> Problem requirements: Return the whole listing unchanged. Drop the images.

> Data block:
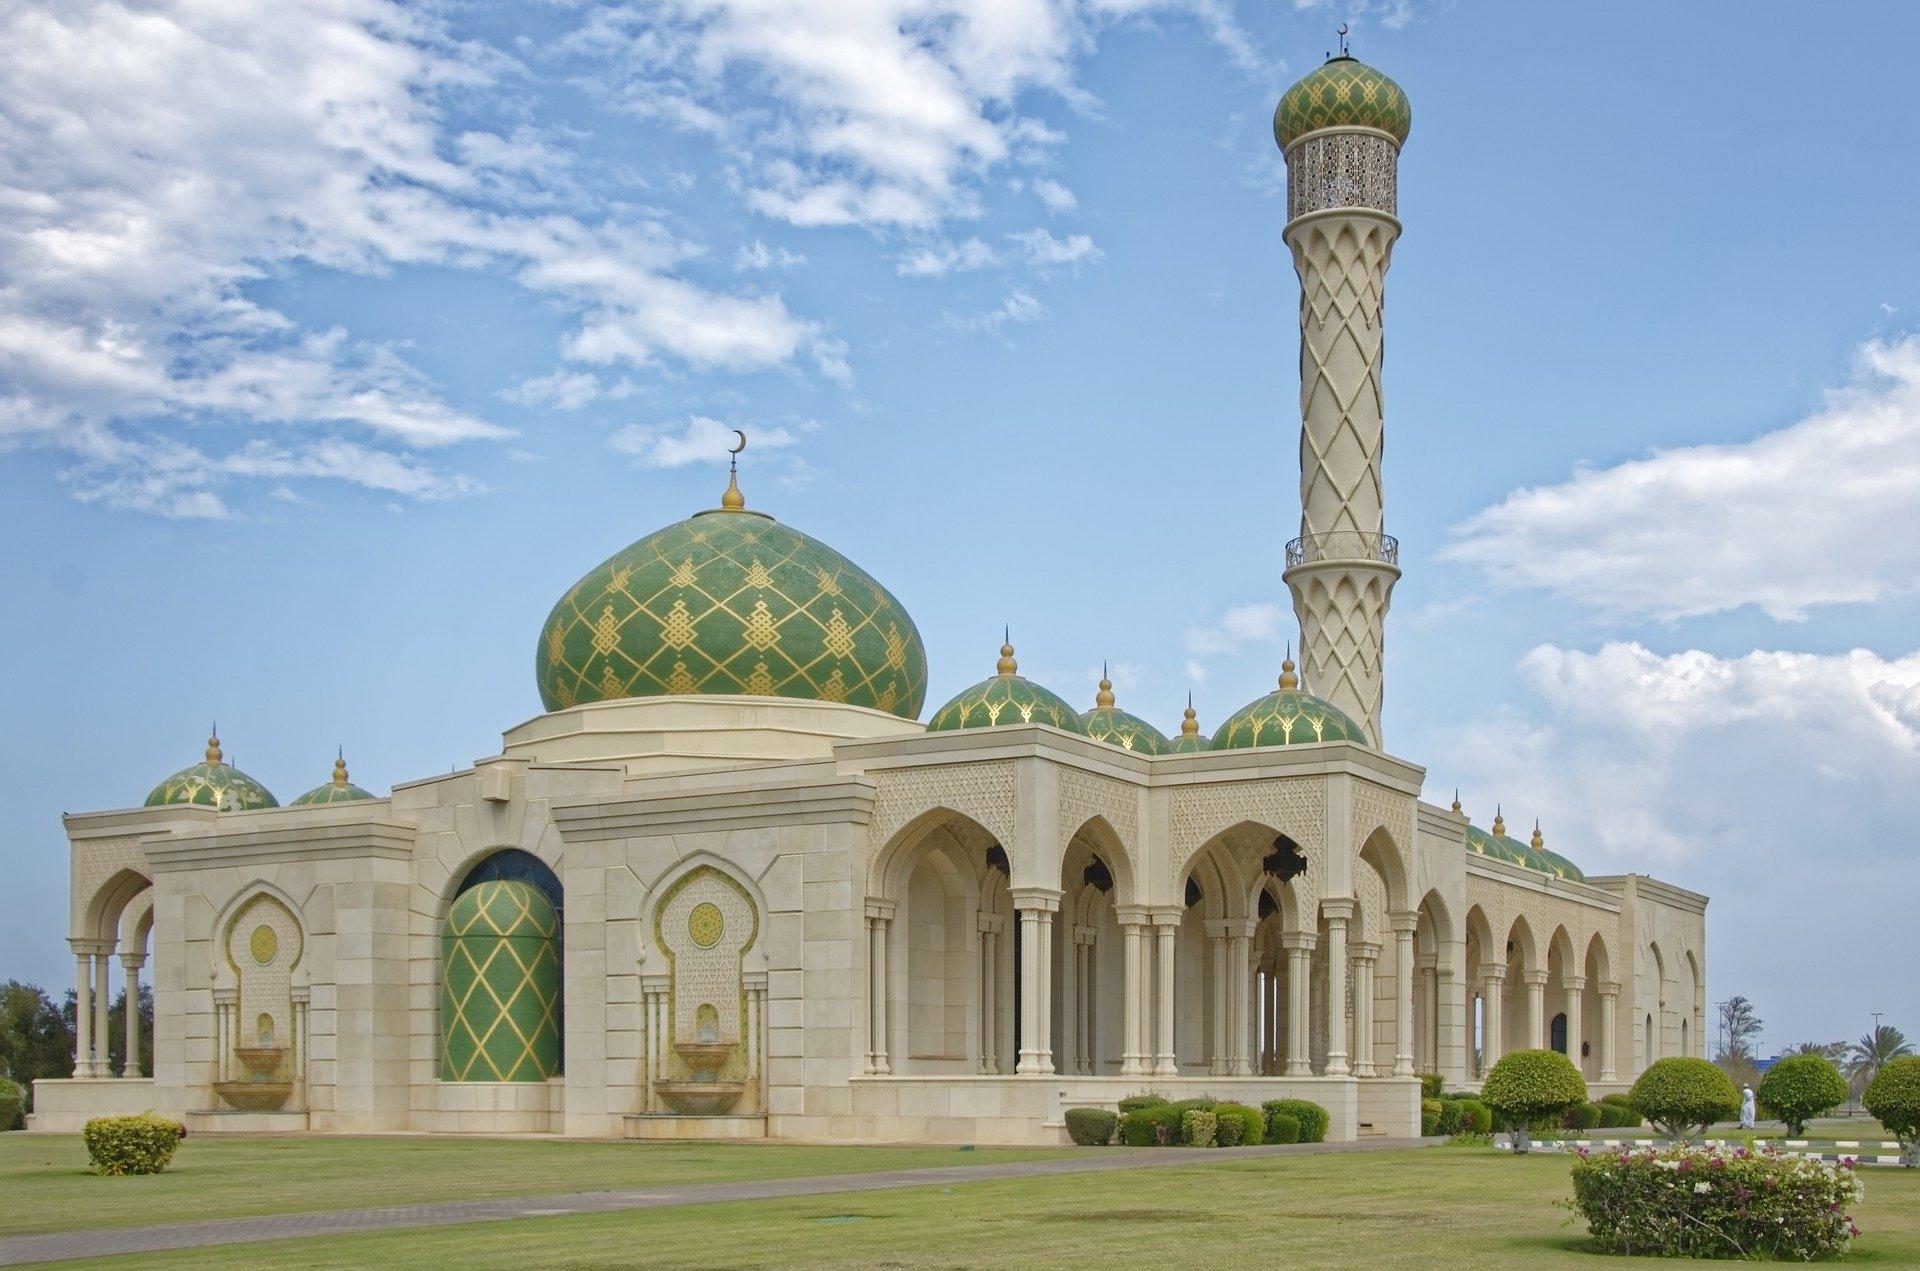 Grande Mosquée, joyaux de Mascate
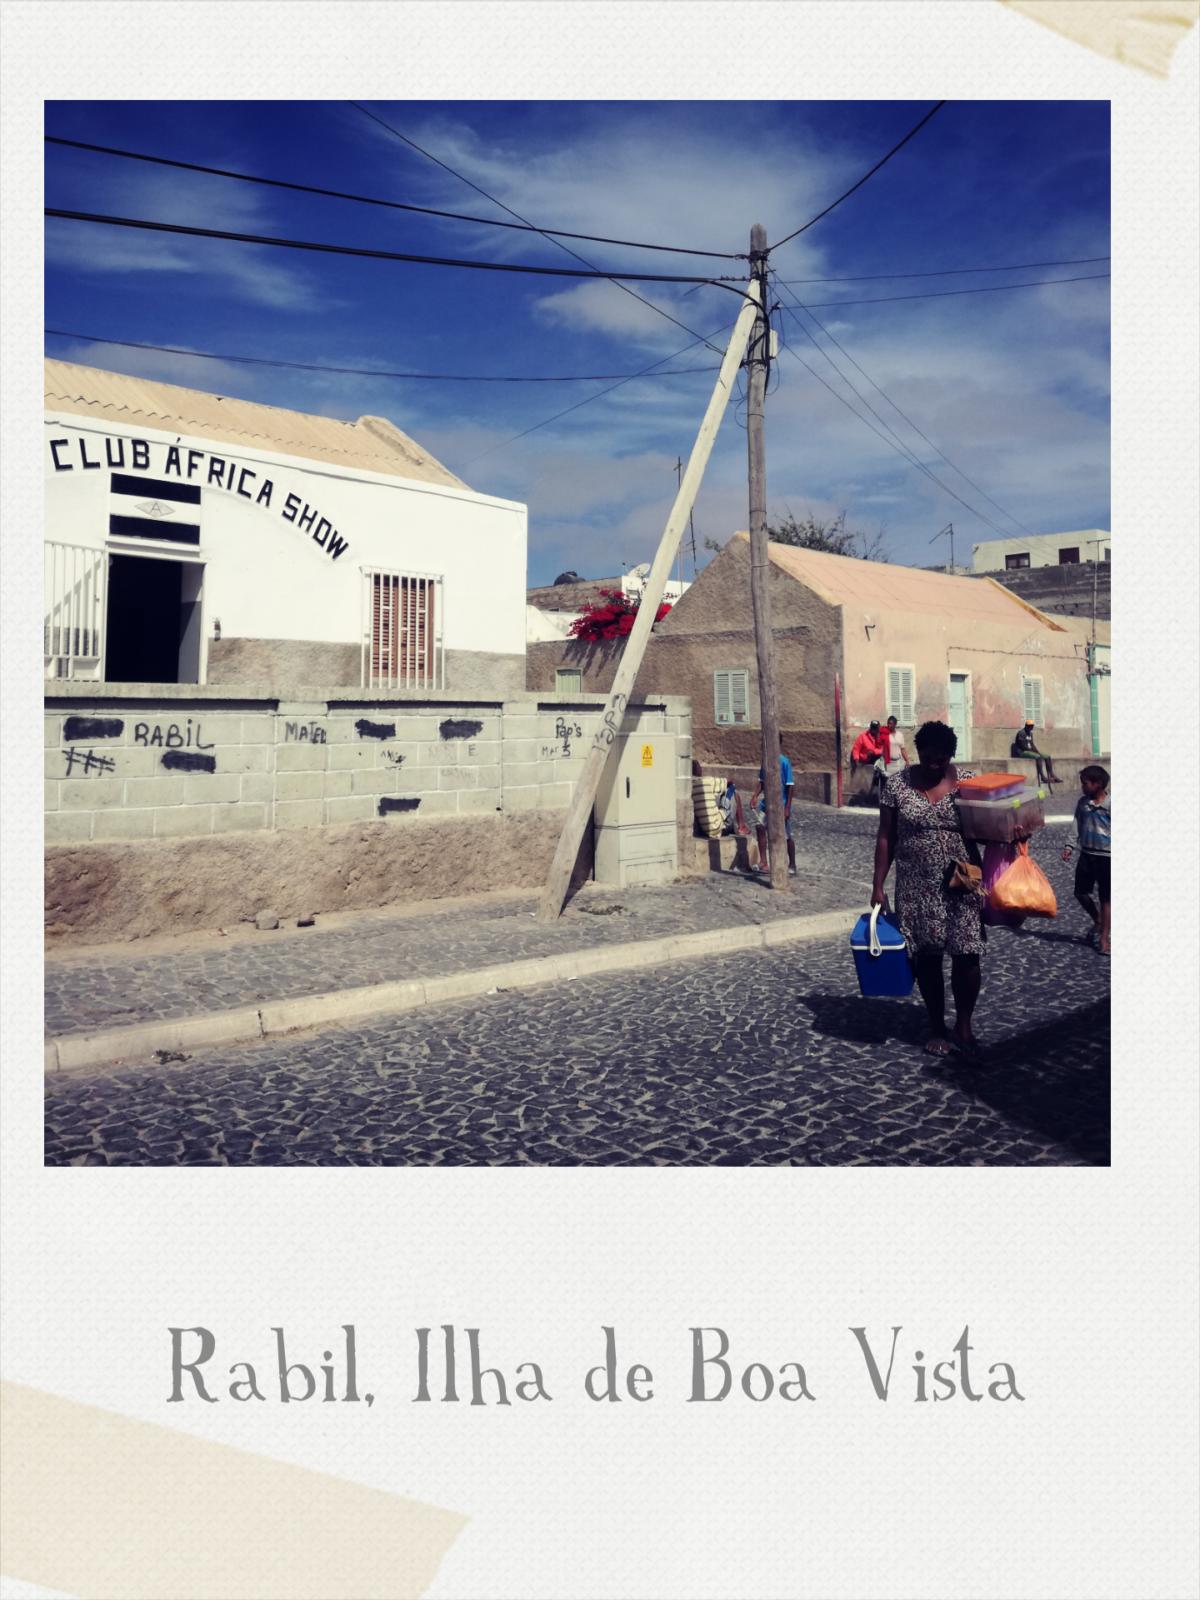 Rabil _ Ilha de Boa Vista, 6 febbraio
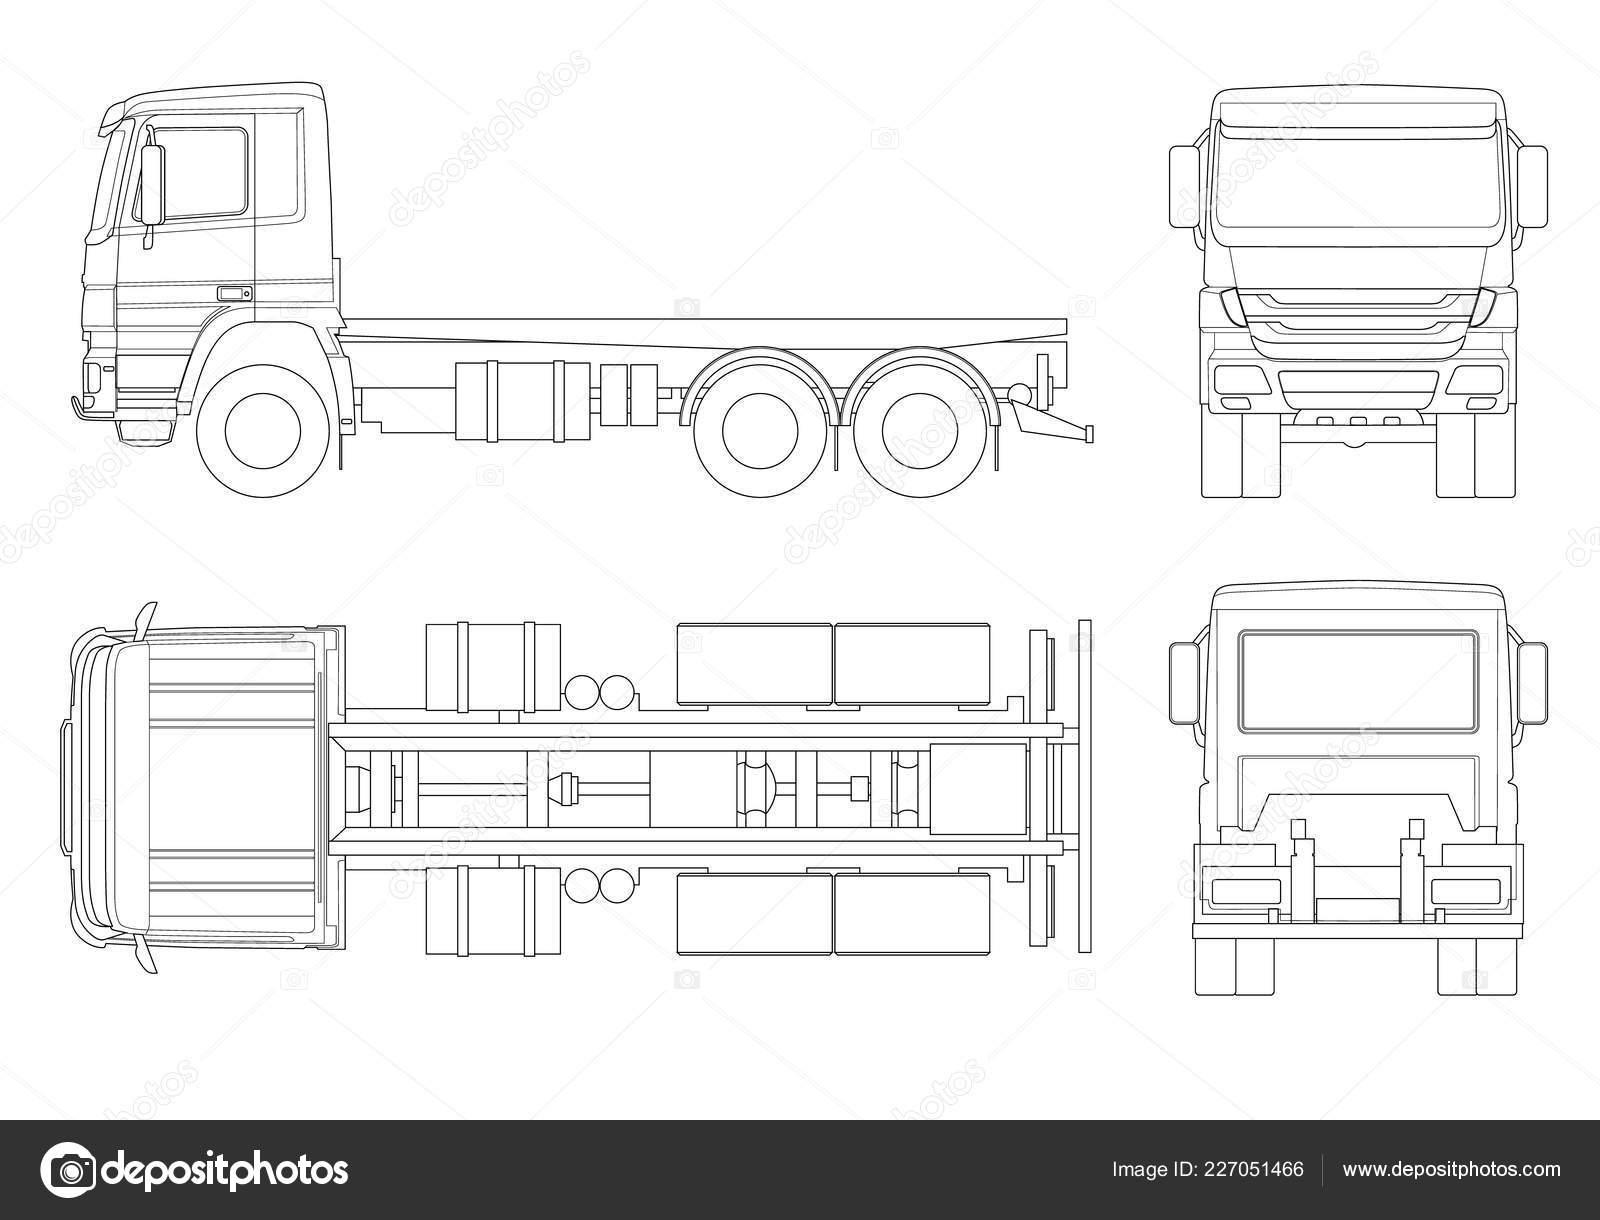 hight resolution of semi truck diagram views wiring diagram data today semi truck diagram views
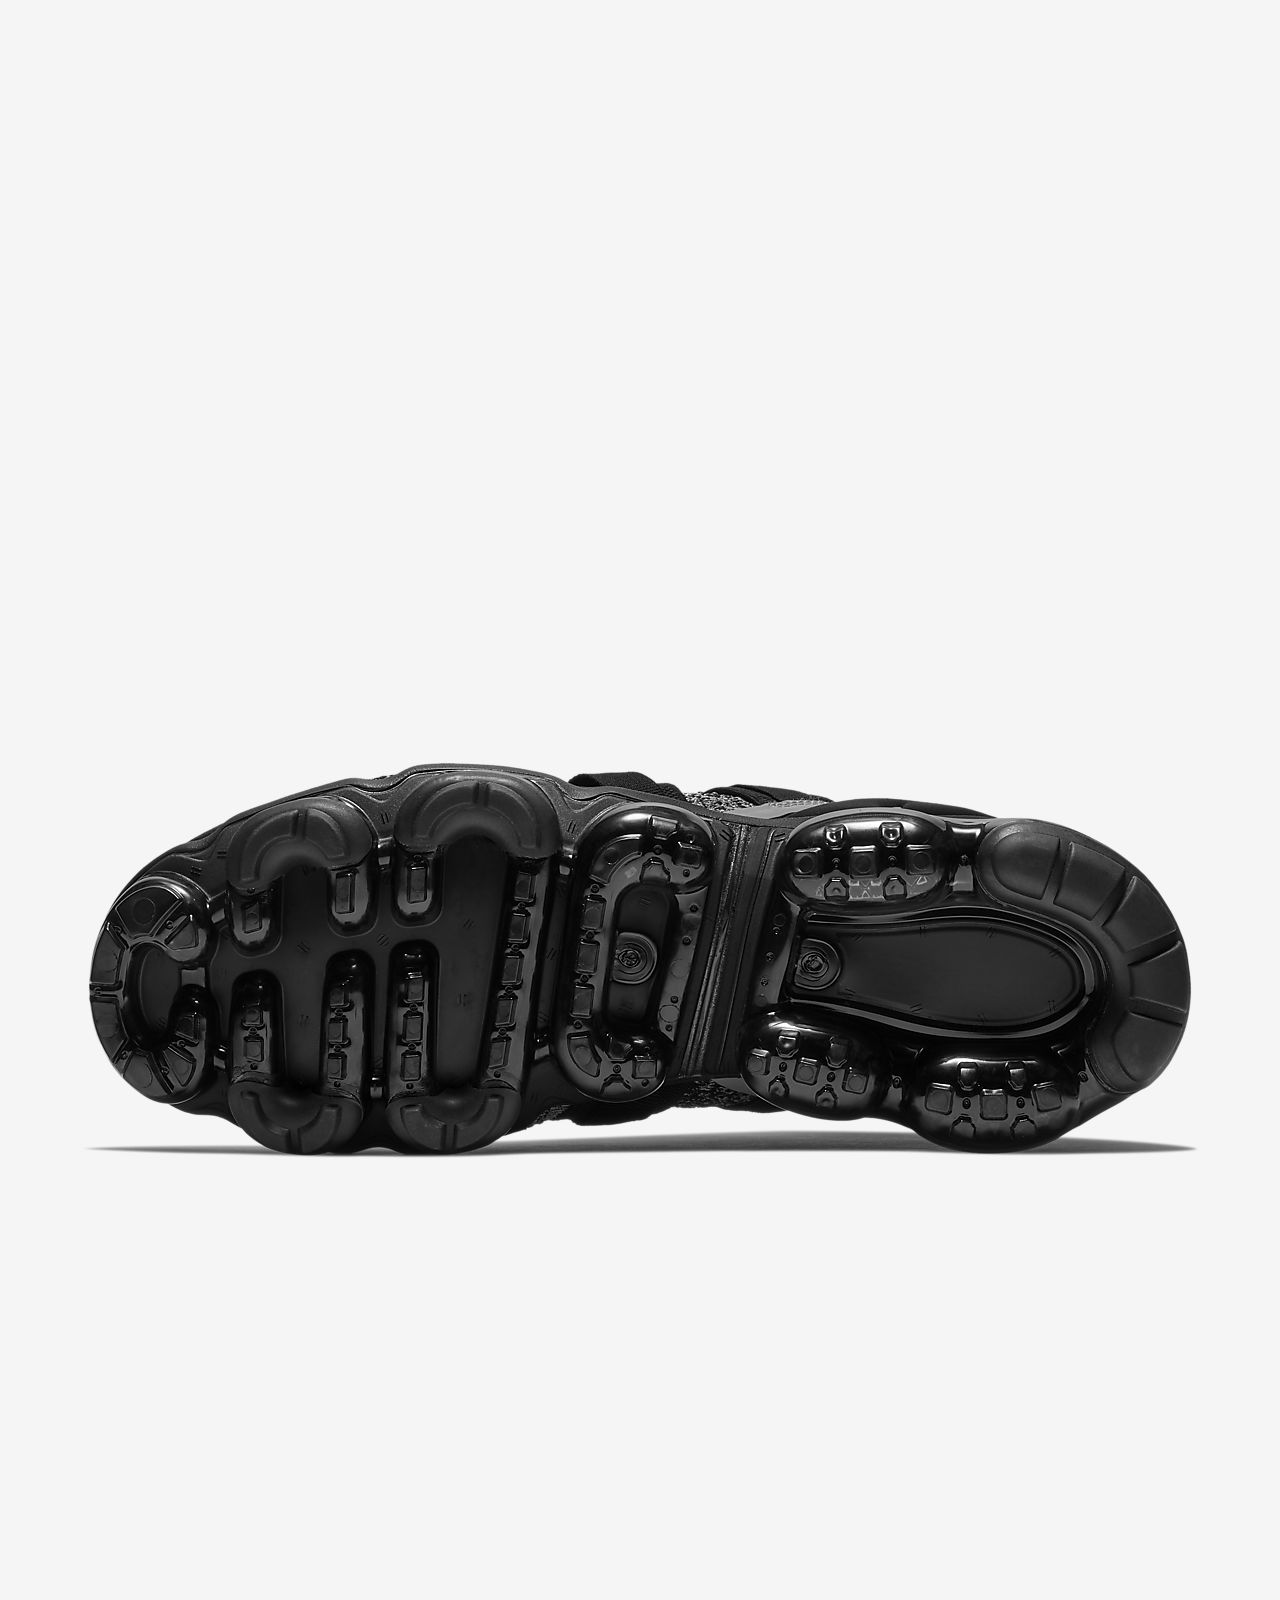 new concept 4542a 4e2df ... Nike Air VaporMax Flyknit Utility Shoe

> Result below:
 Grande Mosquée, joyaux de Mascate
 Rabil _ Ilha de Boa Vista, 6 febbraio
 hight resolution of semi truck diagram views wiring diagram data today semi truck diagram views
 new concept 4542a 4e2df ... Nike Air VaporMax Flyknit Utility Shoe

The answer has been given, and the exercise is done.